Last month, Diene visited Japan to follow up on his report and attended the inaugural meeting of a group of NGOs pushing for the elimination of racial discrimination in Japan. The meeting was led by Tokyo-based International Movement Against all forms of Discrimination and Racism (IMADR), which has a liaison office with the U.N. in Geneva and consultative status with the U.N. Economic and Social Council.
The new network includes representatives from the descendents of the "buraku" feudal outcast class, Ainu, Okinawan, Korean and other minority communities, and one of its activities will be to lobby politicians and government officials.
In the coming months, it is expected to decide on the most effective way of getting out its message to politicians, bureaucrats and business leaders.
"The network will push for human rights legislation outlawing discriminatory acts against not only foreigners but also ethnic and social minorities. We're also calling for an independent human rights commission. The current one, attached to the Justice Ministry, is not as effective as it needs to be," said IMADR Secretary General Hideki Morihara.
The nearly 90 human rights groups nationwide that support an IMADR-drafted antidiscrimination bill know they face an uphill battle getting the legislation passed. Although some opposition party politicians, notably the Democratic Party of Japan's Toru Matsuoka, an Upper House member and longtime IMADR supporter, are supportive, the ruling bloc is not.
Politicians and bureaucrats opposed to a law against discrimination often cite Article 14 of the Constitution as being sufficient legal protection. Part 1 of the article says "all people are equal under the law and there shall be no discrimination in political, economic, or social relations because of race, creed, sex, social status, or family origin."
Japan has also ratified the International Convention on the Elimination of All Forms of Racial Discrimination and the International Covenant on Civil and Political Rights, both of which forbid racial discrimination.
However, when Japanese officials cited Article 14 in their defense to the U.N. Committee on the Elimination of Racial Discrimination in 2000, the committee members expressed doubt that Japan's current legal system offers adequate and equal protection against specific individual acts of discrimination.
"Court rulings in discrimination cases are often vague and contradictory.

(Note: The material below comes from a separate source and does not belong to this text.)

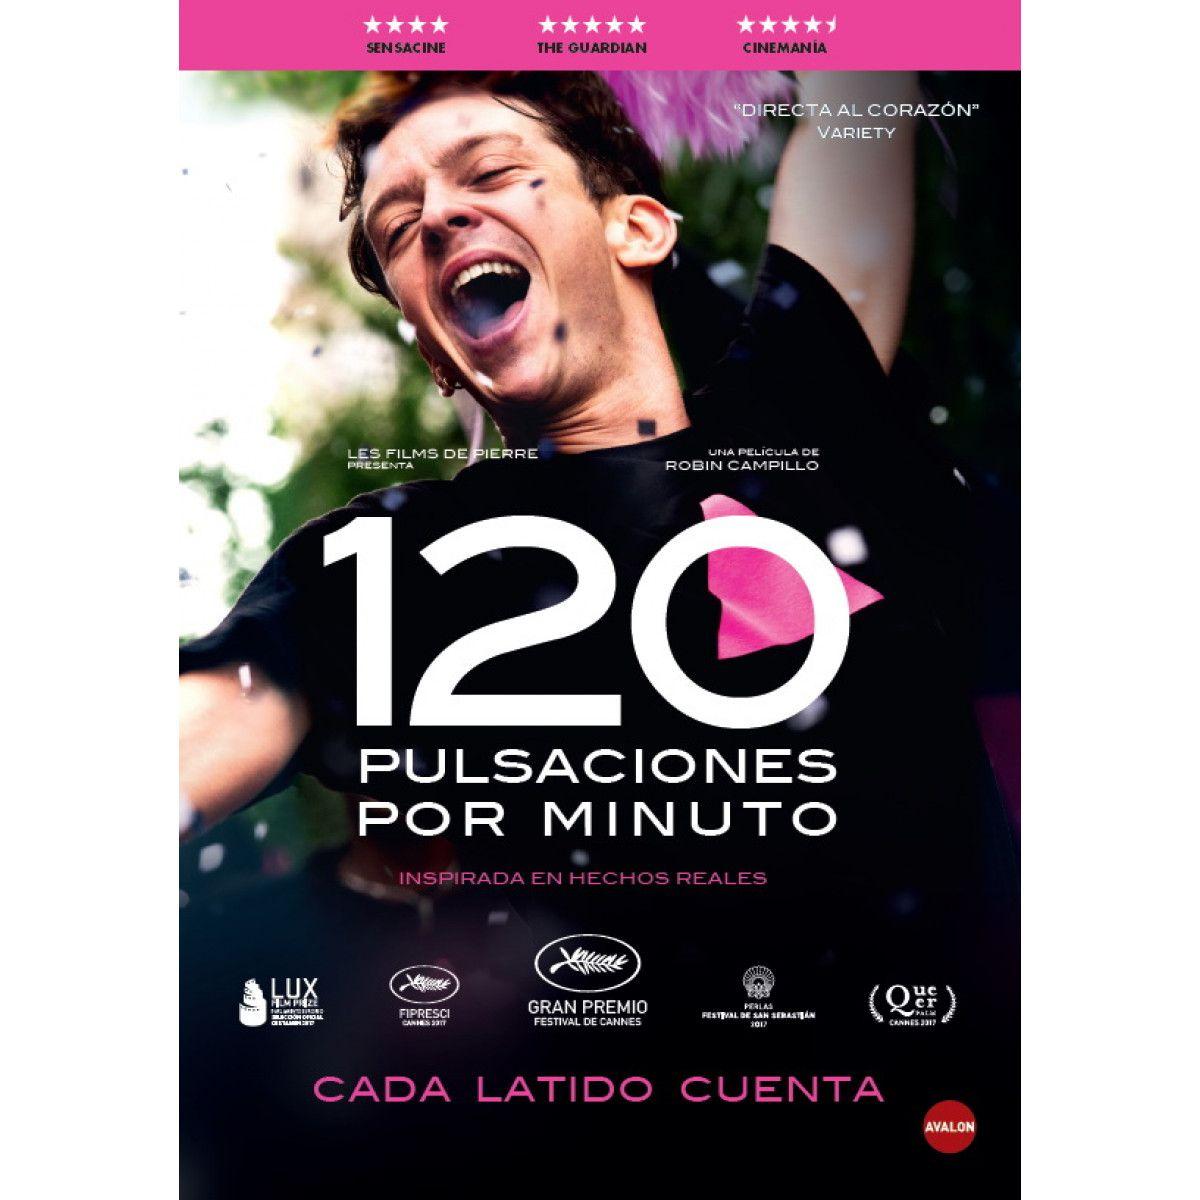 120 Pulsaciones Por Minuto Localizacion Kokagunea Audiovisuales Planta 0 Behe Solairua Ikus Entzunezk Full Movies Online Free About Me Blog Informative

Rather than clearly rule what legal discrimination is or cite the international conventions that Japan has ratified, the courts prefer to simply declare certain behavior as being outside socially acceptable norms," said lawyer Niwa.
Those opposed to antidiscrimination legislation, especially for current and future foreign workers in Japan, said that because there is no nationwide consensus on how to accept such workers and because Japanese attitudes toward foreigners are often ambivalent, it's best to lay the social groundwork first.
"Rather than new laws, what we need first is a change in social attitudes toward foreigners," Taro Kono said last July, when he was senior vice justice minister, not long after his ministry released a report on the future of foreign workers.
But Niwa argued that there is no time to waste.
"A change in social attitudes is needed. But you can't first wait for society to change and then enact laws," he said. "You have to do both concurrently."